Drosophila melanogaster has been acknowledged as a premier genetic model system for understanding gene function, developmental networks and molecular basis for genetic disorders including cancers. Drosophila has blood cells or hemocytes that are important for innate immune functions as well as tissue remodeling and wound healing. We initiated a molecular genetic analysis of Drosophila hematopoiesis with the goal to understand the relationship of this process to vertebrate blood development and disorders such as Leukemia. We found that a gene sharing similarity to the Acute Myeloid Leukemia (AML1) protein is essential for the development of 1 of the hemocyte types in Drosophila, called crystal cells.

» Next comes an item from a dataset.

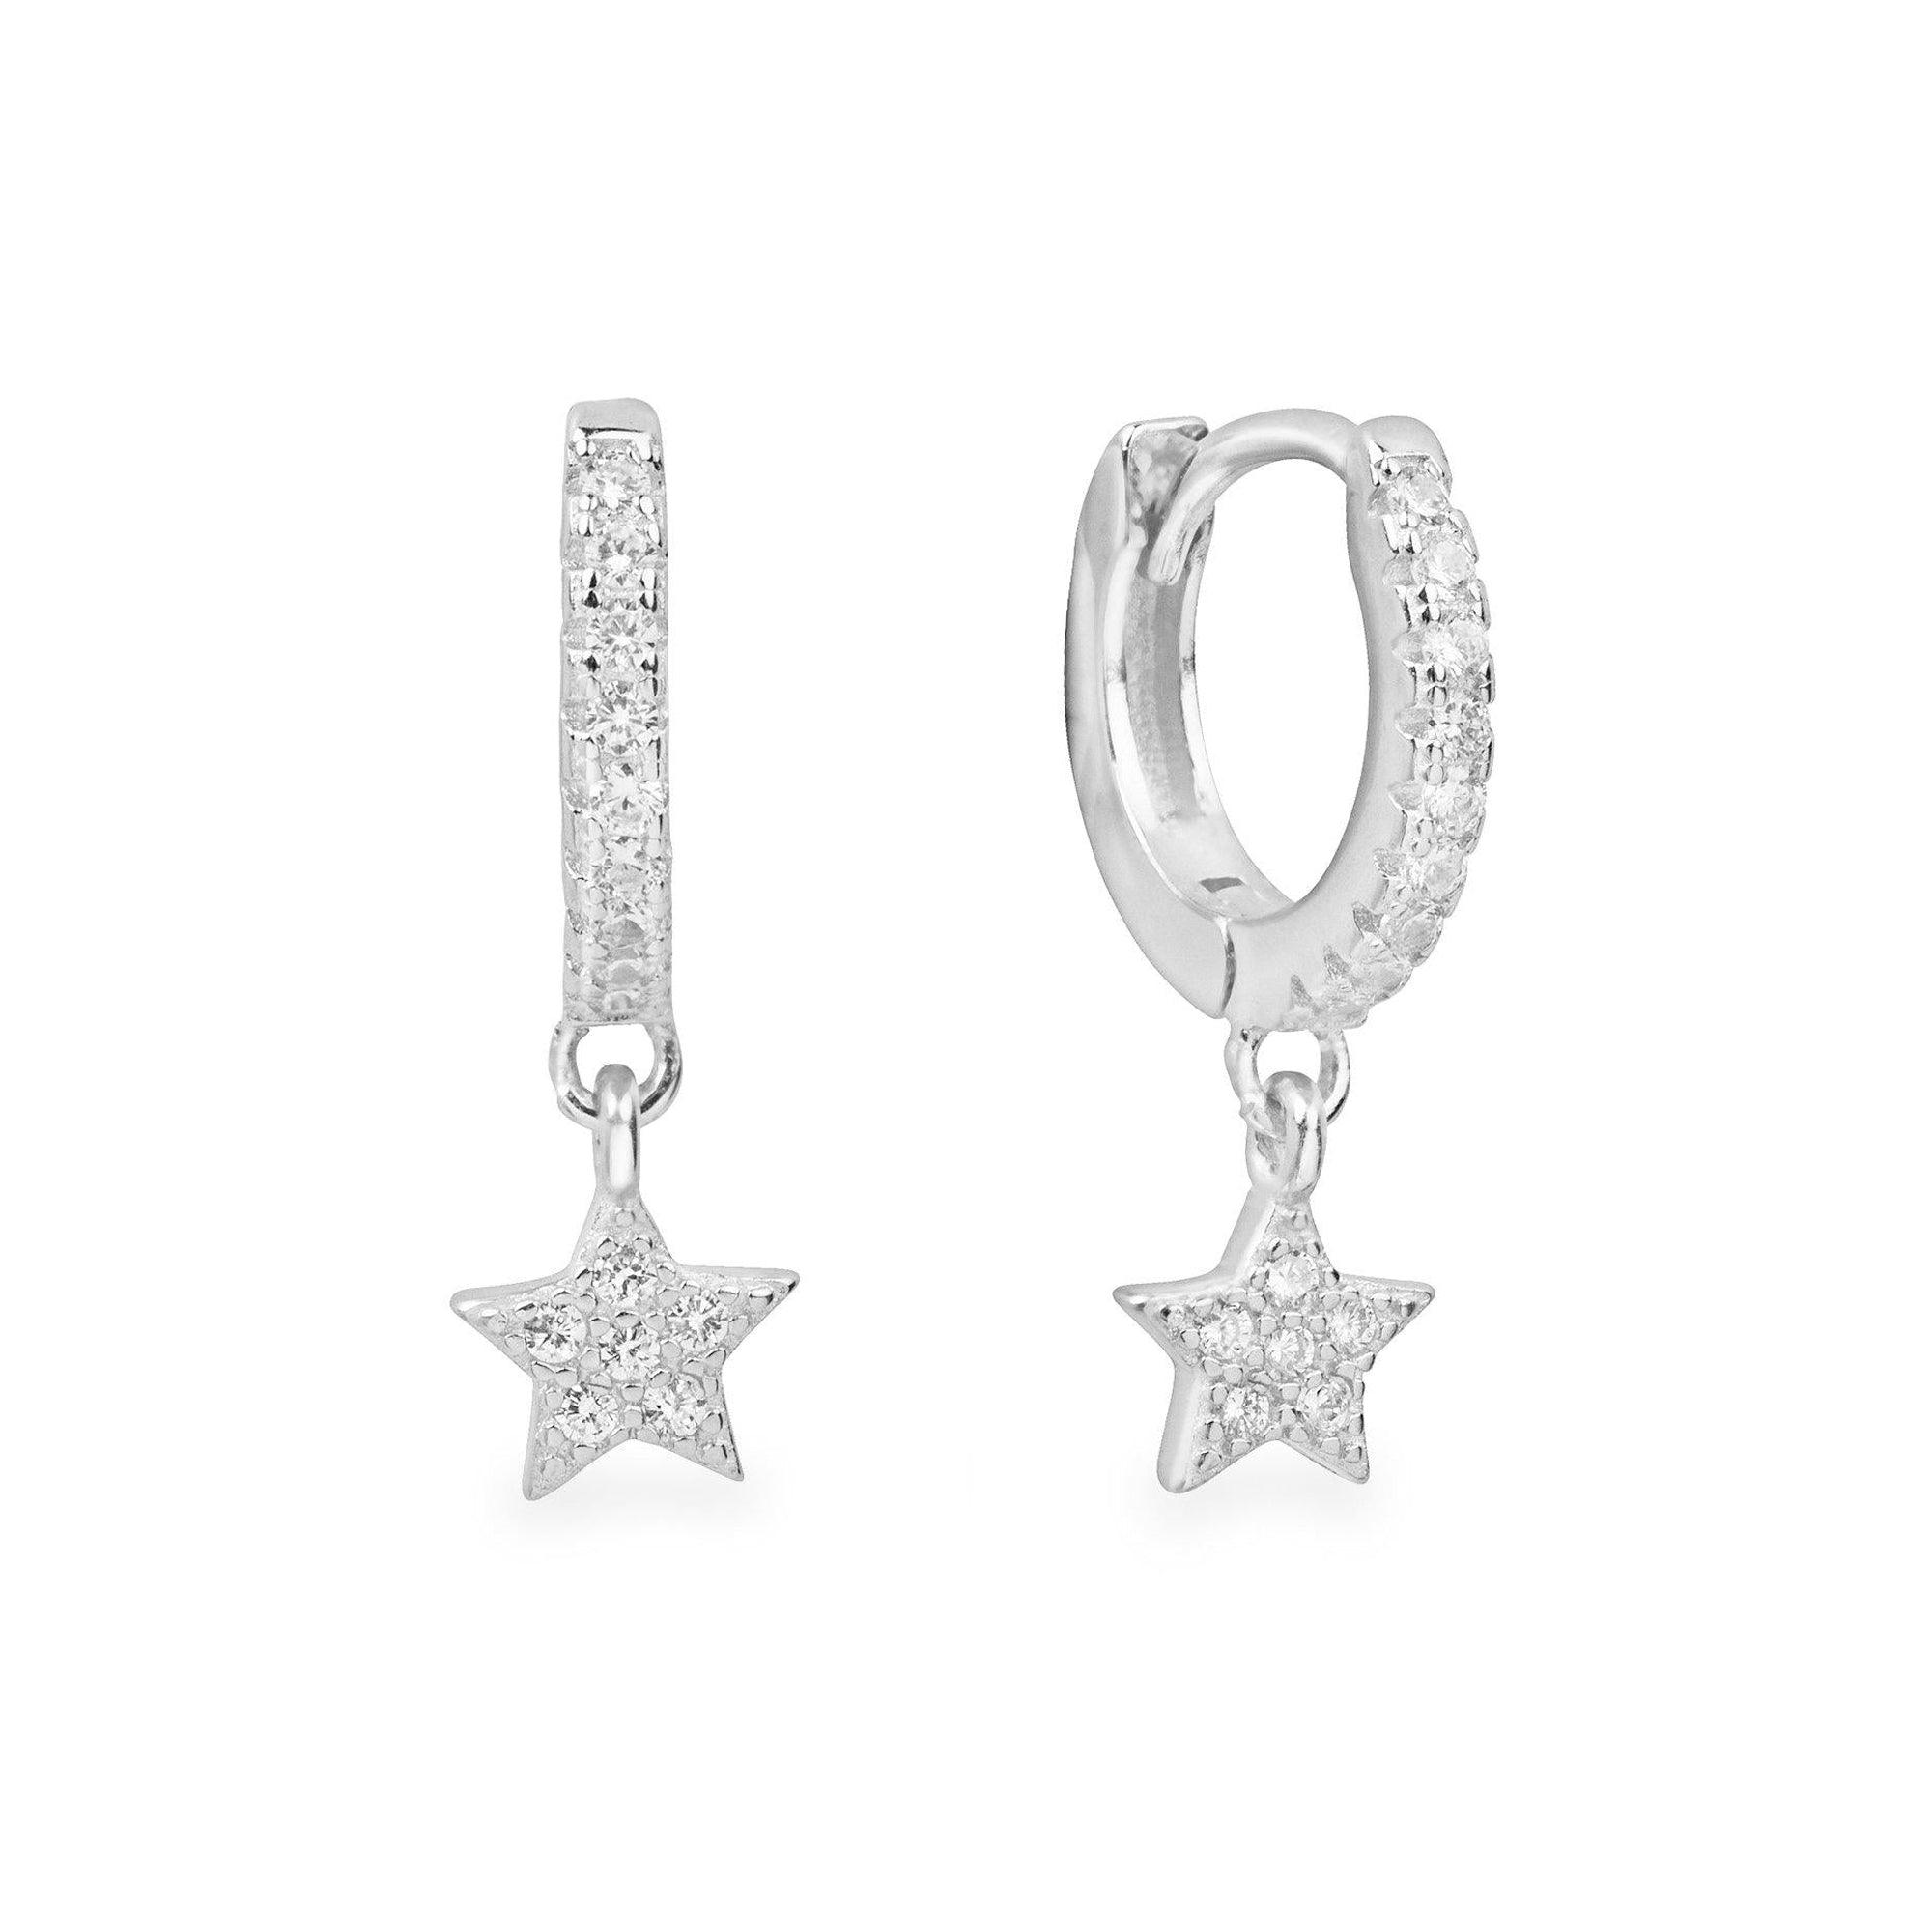 Celestial pair of white gold star huggie hoop earrings - Helix & Conch

This work led to a lineage diagram for Drosophila hematopoiesis that showed several conserved components. Also the strategies for this development are conserved with similar signaling pathways involved in Drosophila and vertebrate hematopoiesis. More remarkably, concepts such as a common precursor for vascular and blood cells (hemangioblasts) are also conserved. In this proposal, we will first further analyze the functions of the conserved Notch/ PDGF-VEGF receptor/JAK-STAT pathways in Drosophila hematopoieis. We will develop microscopic imaging methods to analyze the hematopoietic process at a single cell level. We will find the molecular basis for the asymmetry that allows hemangioblast divisions to create mixed cell types. And finally, we will analyze novel genes identified from a genetic screen and initiate new genetic screens to identify precursor and possibly stem cell populations and novel proteins that are involved in Drosophila and vertebrate blood cell maturation.

National Institute of Health (NIH)
National Heart, Lung, and Blood Institute (NHLBI)
Research Project (R01)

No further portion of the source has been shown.